If you are into scraping, sometimes you must break the user experience down to little bits to mimic a real user to get what actual data that the user would get.
One easy way to deal with infinite scrolling is to remove all current elements, and scroll until there are another 10 or 100 new elements each time, or even trying to scrape all at once.
But you can also think another way,
- get the first element,
- click to open in new tab,
- parse the data,
- close tab,
- remove the element,
- and move on to next element. Scroll and wait till new element comes.

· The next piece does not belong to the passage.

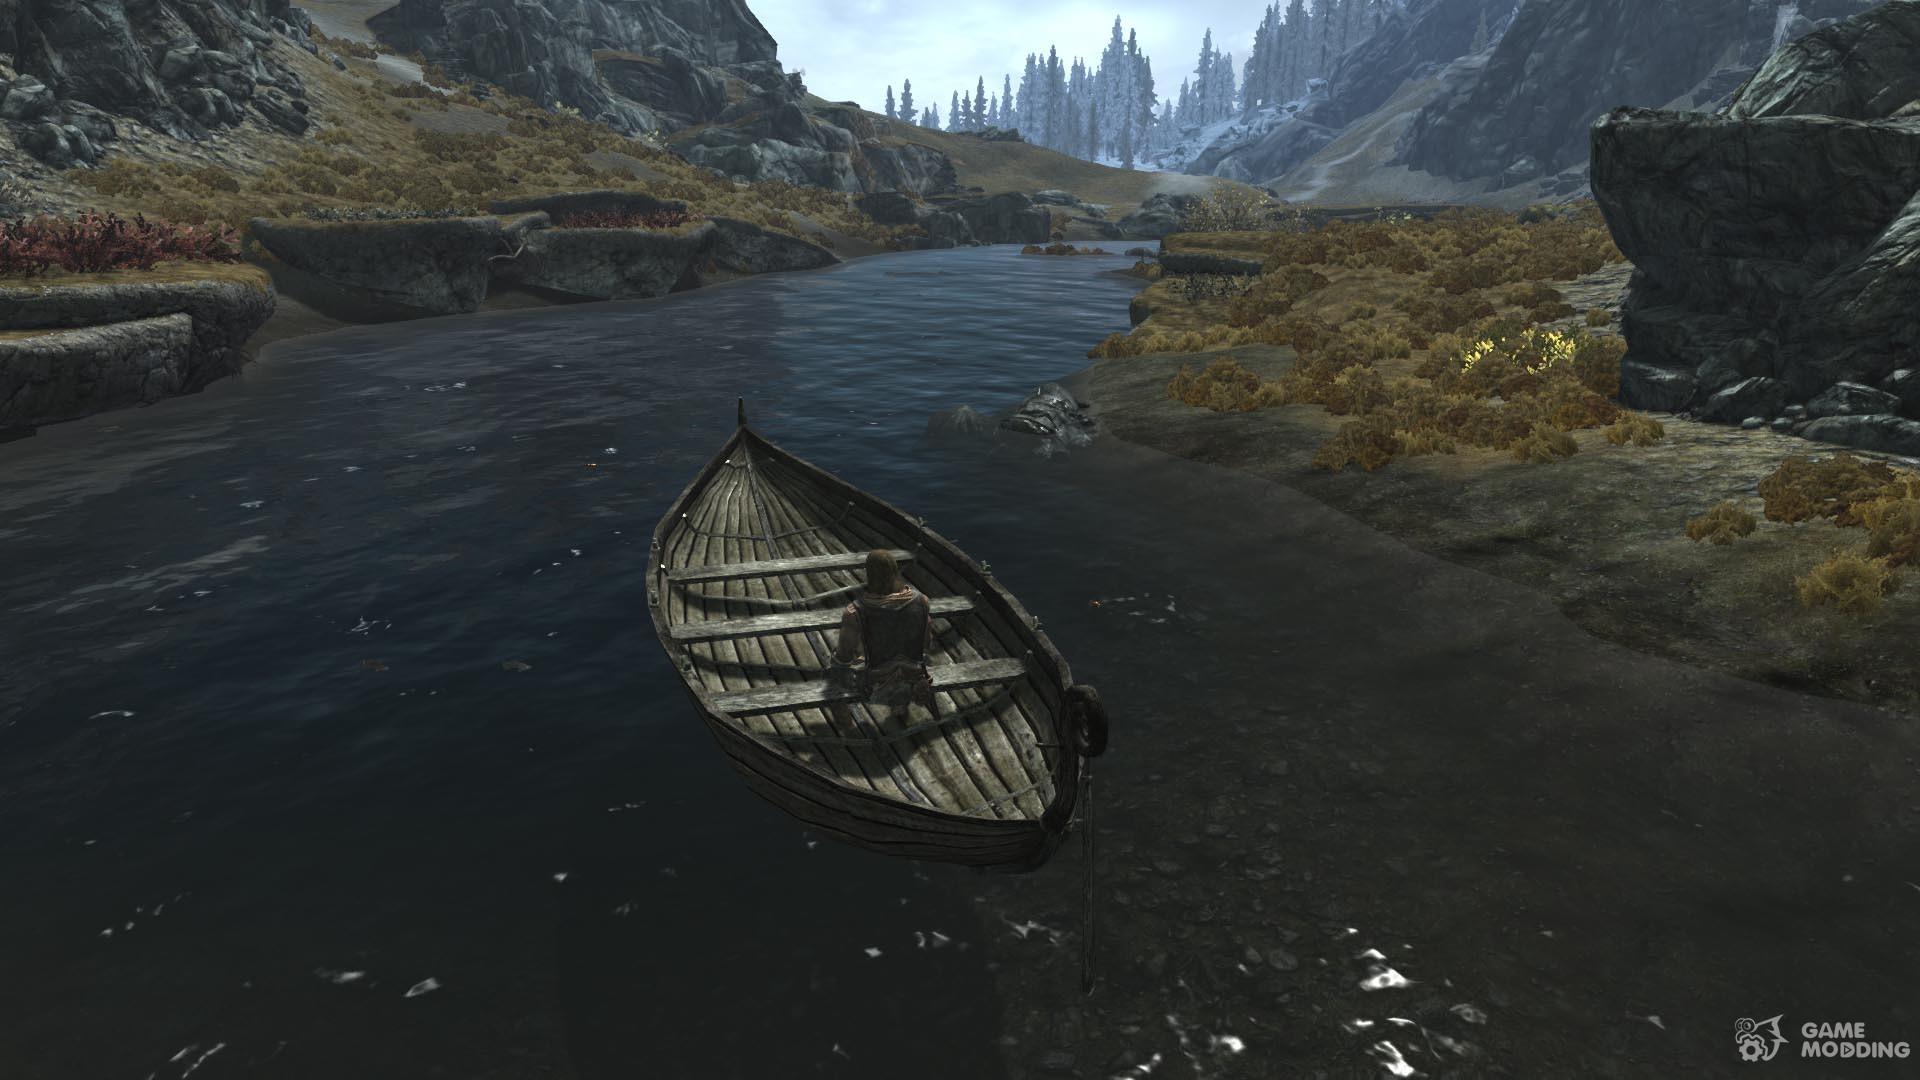 skyrim мод на плавающие лодки
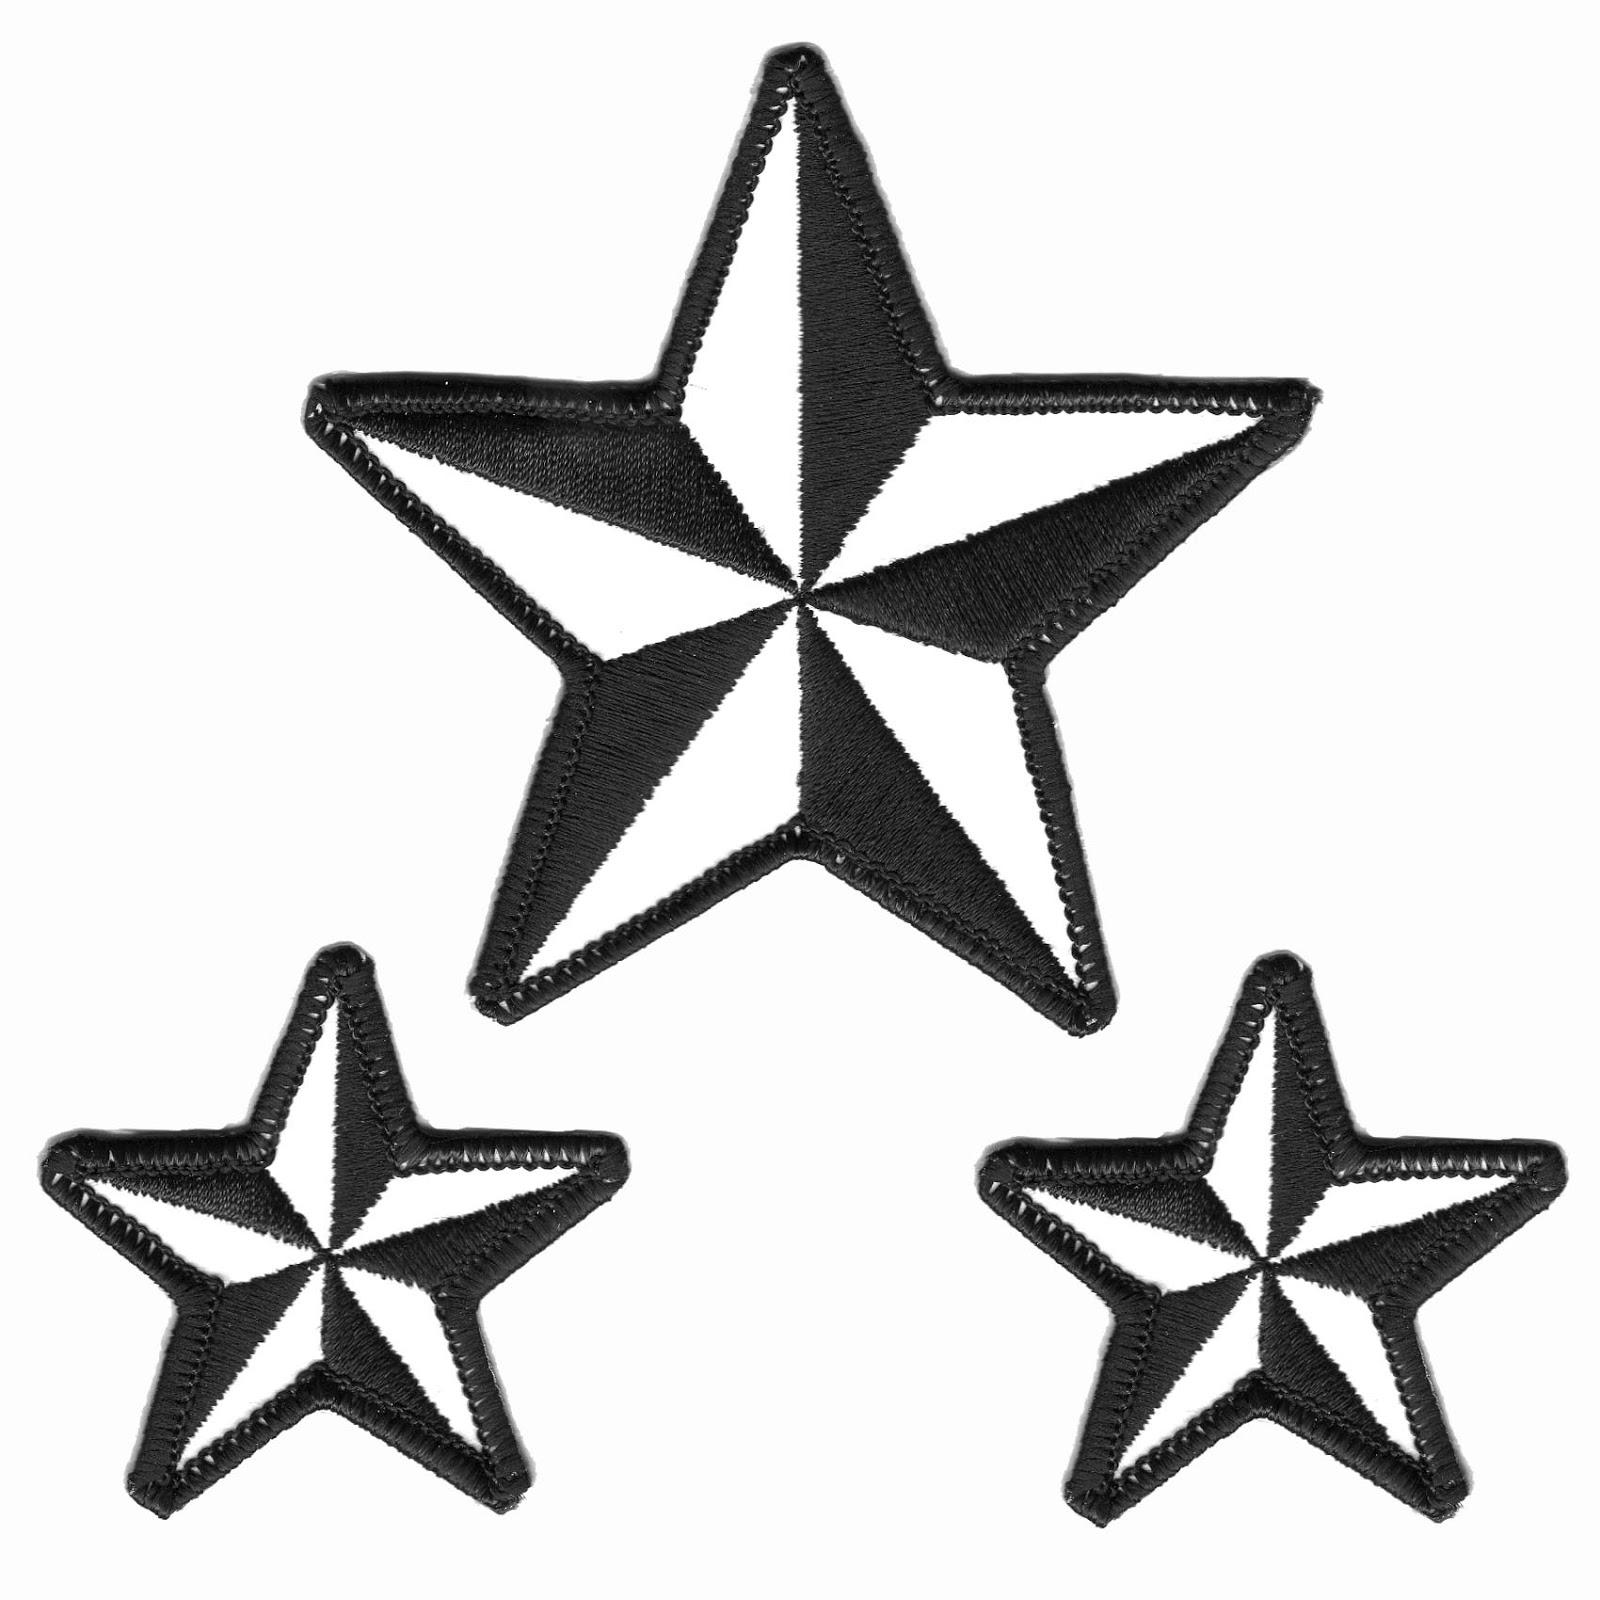 Star Black And White Star Clipart Black -Star black and white star clipart black and white 2-11

The problem with the concept is, you will never know how the scrolling and clicking is getting triggered. There can be multiple events bound to scrolling to deal with it in different sites. And, the provided site is in vueJS.
Code Snippet
The selector for each product is #__layout > section > main > section > section > div.products > div > div
.
We will scroll the selector, deal with it, then remove it. Afterwards we will trigger a scroll event so the browser knows something has changed.
window.scrollTo(0, 0);
const selector = `#__layout > section > main > section > section > div.products > div > div`;
const element = document.querySelector(selector)
element.scrollIntoView()
element.remove()
Result: (gif animation)
What's cool is, we do not need to scroll to the bottom of the page to trigger the change. Look how the scrollbar changes during the removal.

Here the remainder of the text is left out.